“Potensi konflik dalam pemilu itu, sumbernya terutama berasal dari parpol, sedangkan kita tahu Cak Imin ketua partai. Kita mau bikin pemilu itu pakai berantem atau tidak, itu tergantung pelakunya, yaitu parpol. Jadi kalau mau pemilu damai, parpol harus baik-baik, kalau mau pemilu kisruh, partai bikin aja kisruh,” kata Arif.
“Saya tidak menafikan bahwa potensi kekacauan berasal dari pemilih ya. Tapi saya katakan bahwa pengaruh terbesar berasal dari parpol.
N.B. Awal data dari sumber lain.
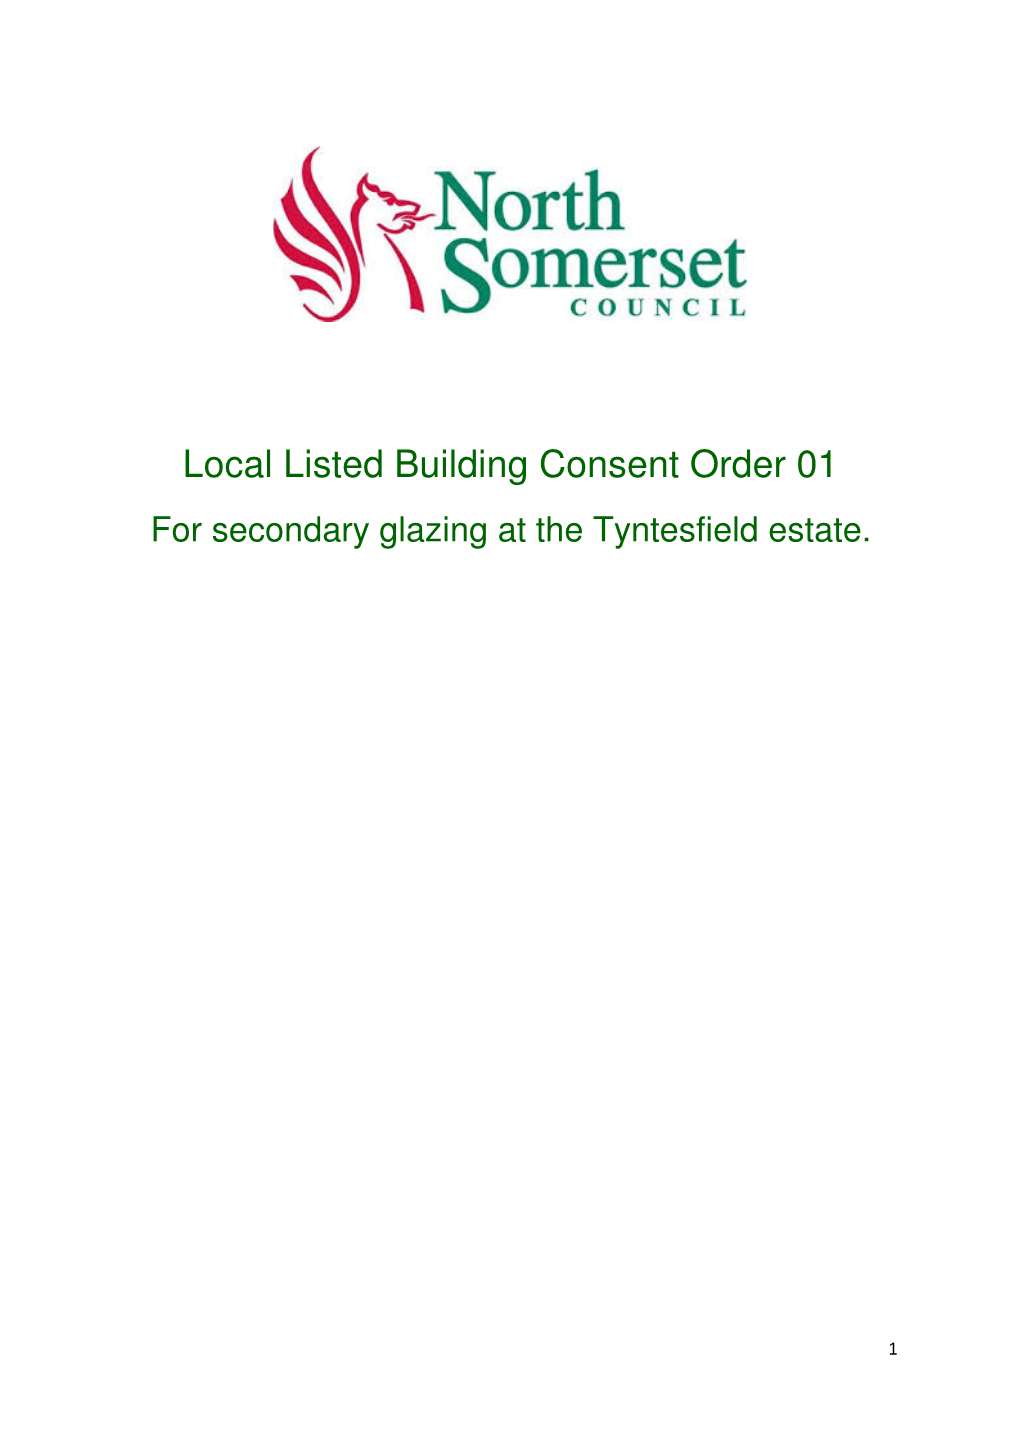 Local Listed Building Consent Order Secondary Glazing Tyntesfield

Jadi aneh logika ini,” imbuh dia.
Serupa dengan Adi, ia juga menilai wacana penundaan pemilu itu berpeluang berhasil. Dia berkaca pada UU KPK dan Omnibus Law Ciptaker yang tetap digolkan meski menuai penolakan dari publik.
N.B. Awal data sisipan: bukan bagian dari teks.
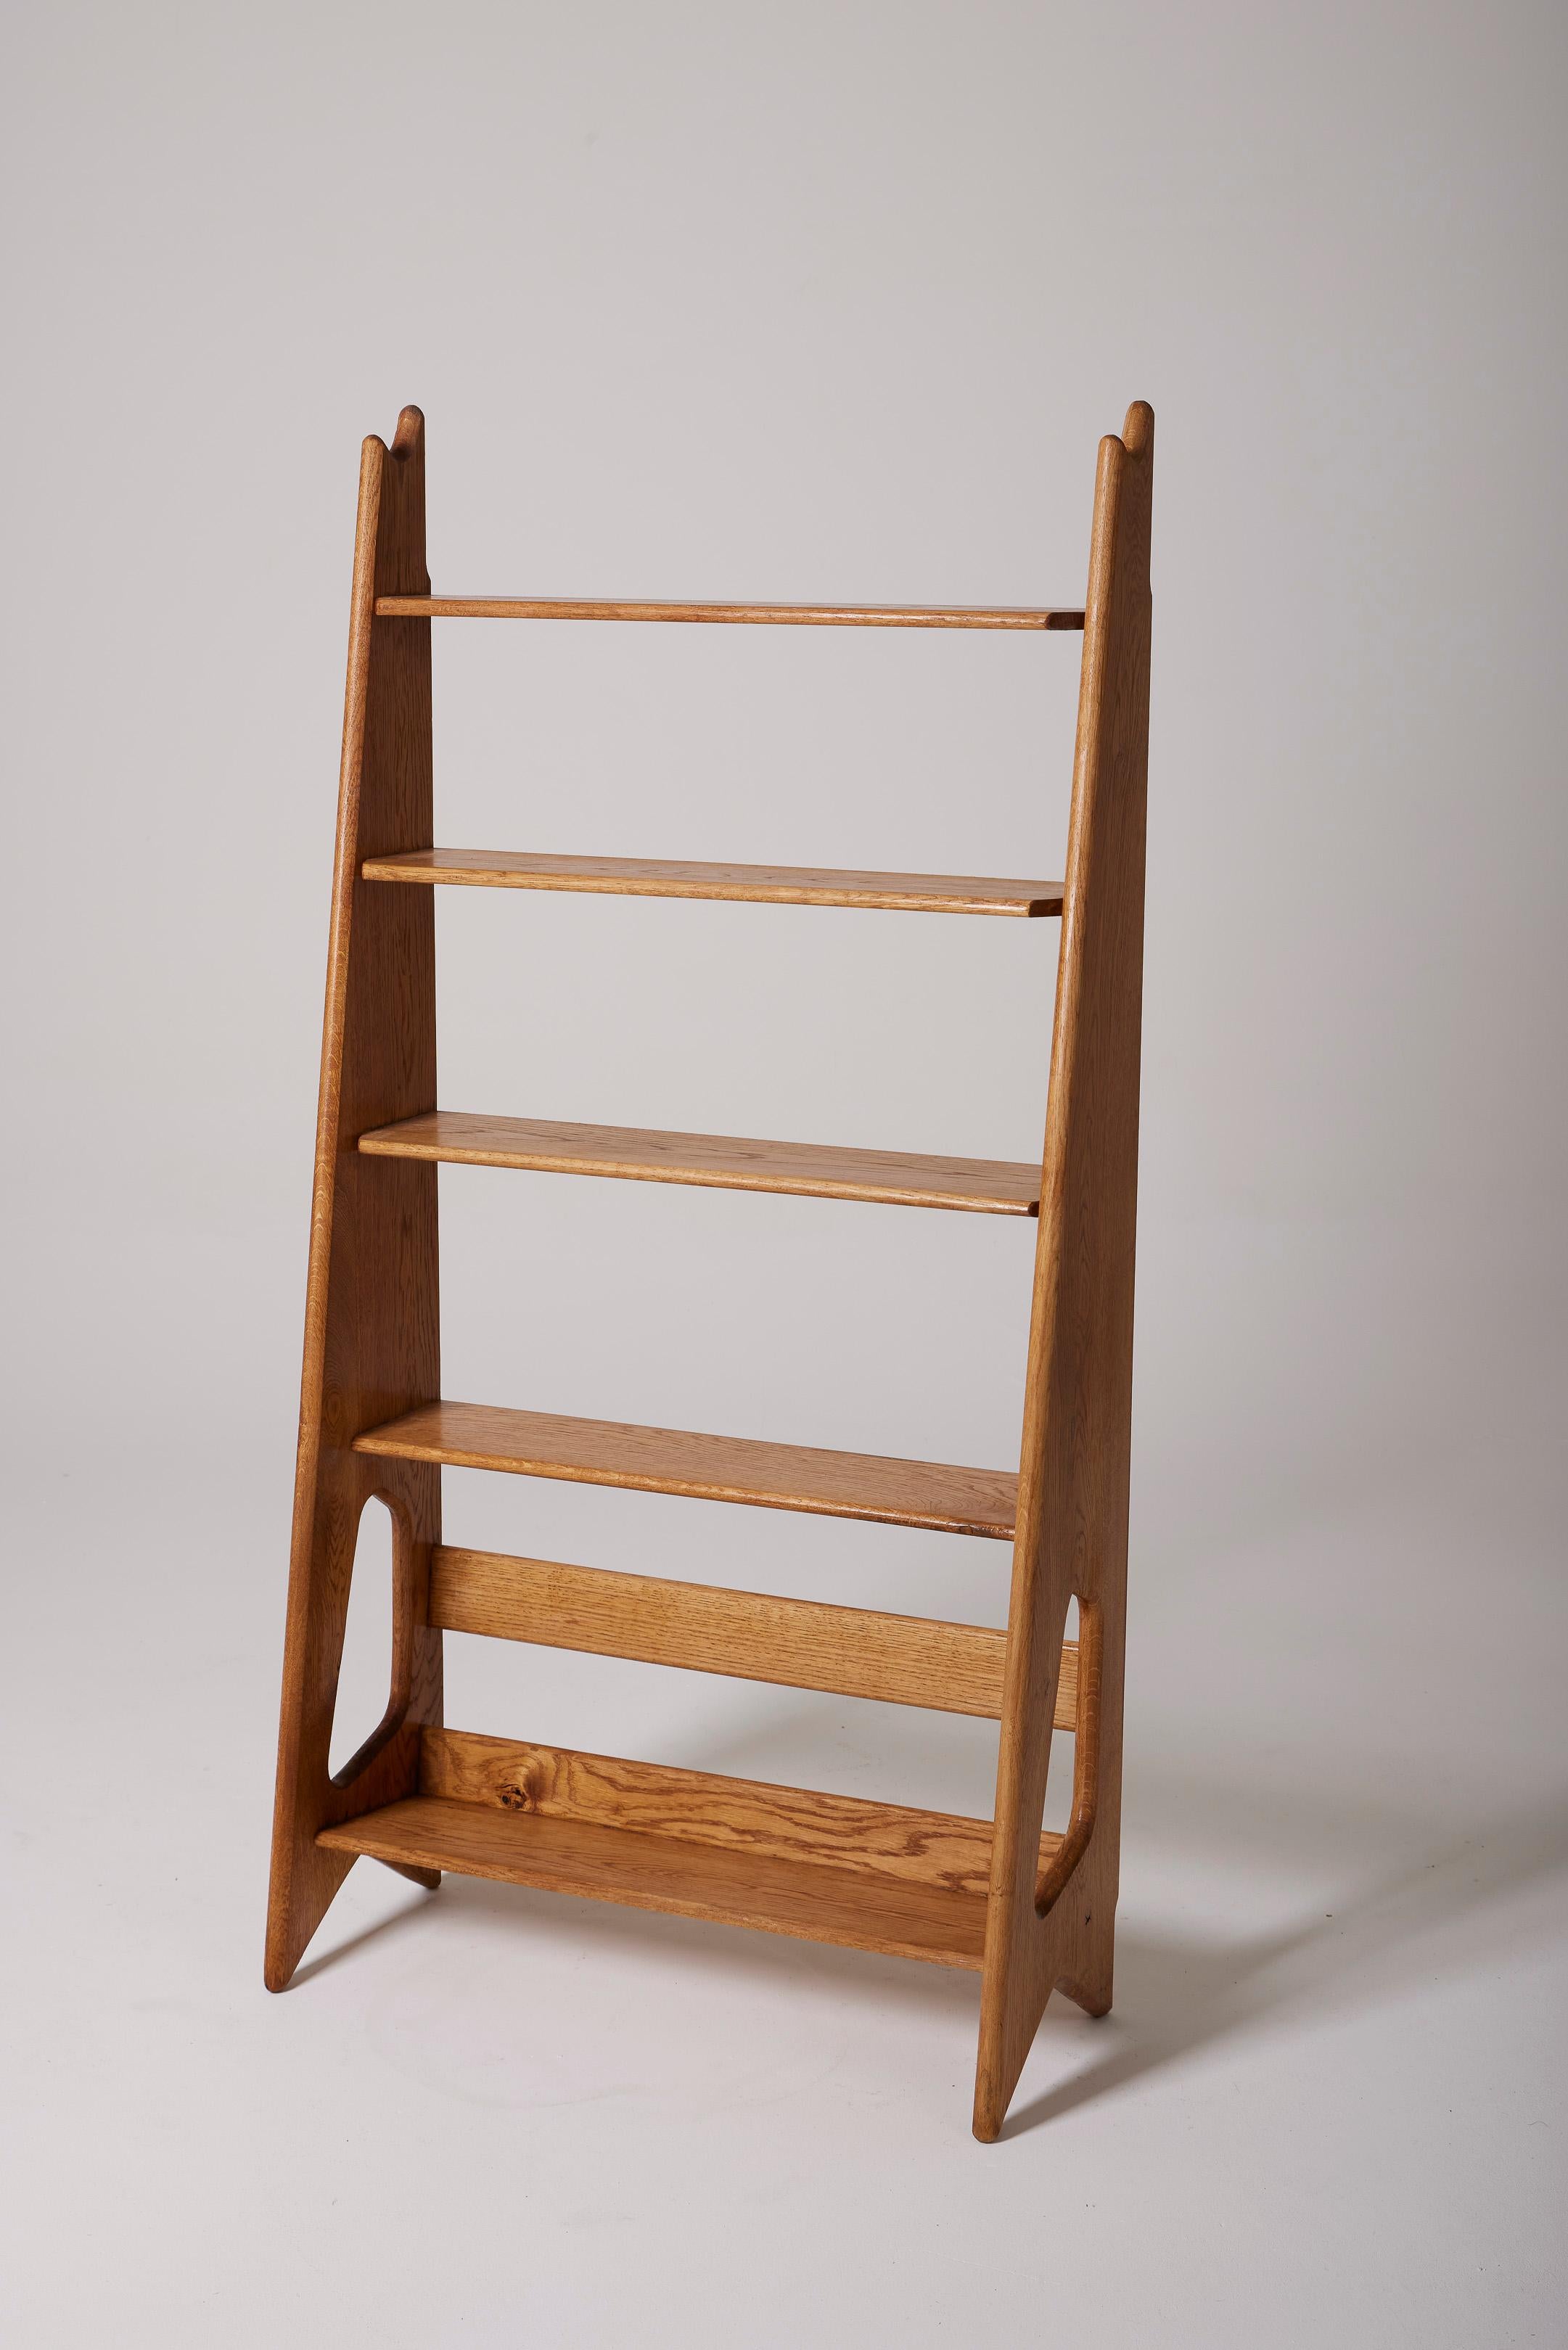 Wooden shelf by French designer Pierre Cruège (1913-2003) from the 1950s. This shelf is made of solid oak and consists of 5 shelves. Very good condition. Pierre Cruège enrolled in 1930 at the Bordeaux School of Fine Arts in the workshop of master

Elite politik, kata dia, seolah begitu mudah menentukan kebijakan jika sudah ada kata sepakat di antara mereka. Tanpa perlu mempertimbangkan aspirasi publik secara matang.
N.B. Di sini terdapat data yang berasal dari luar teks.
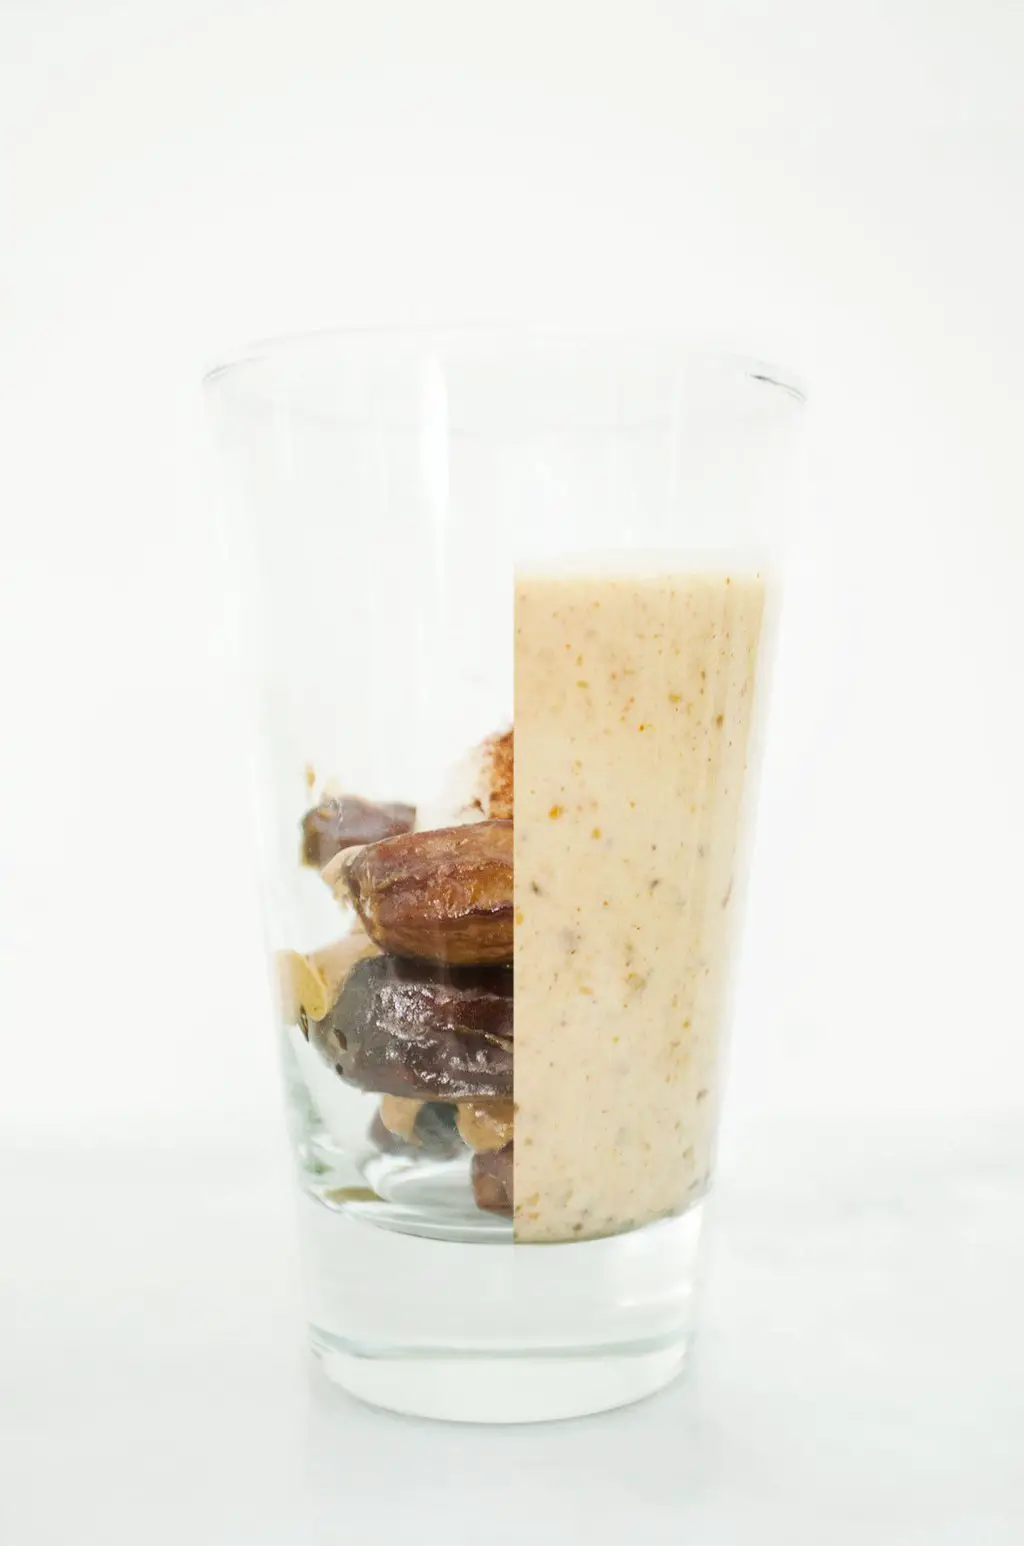 Creamy almond smoothie with dates, almond butter, coconut butter, cinnamon, and Truvia nectar via @thouswellblog

“Revisi UU KPK yang berlangsung hanya dalam kurang dua minggu, dan disepakati UU Ciptaker. Dua UU itu memiliki resistensi yang tinggi dari banyak pihak. Tetapi dua-duanya gol dan tidak butuh waktu lama untuk menggolkannya,” katanya.
“Artinya, dari sisi kesempatan politik, ide Cak Imin bukan mustahil untuk diwujudkan kalau elit menghendaki dan presedennya sudah ada,” ujarnya menambahkan.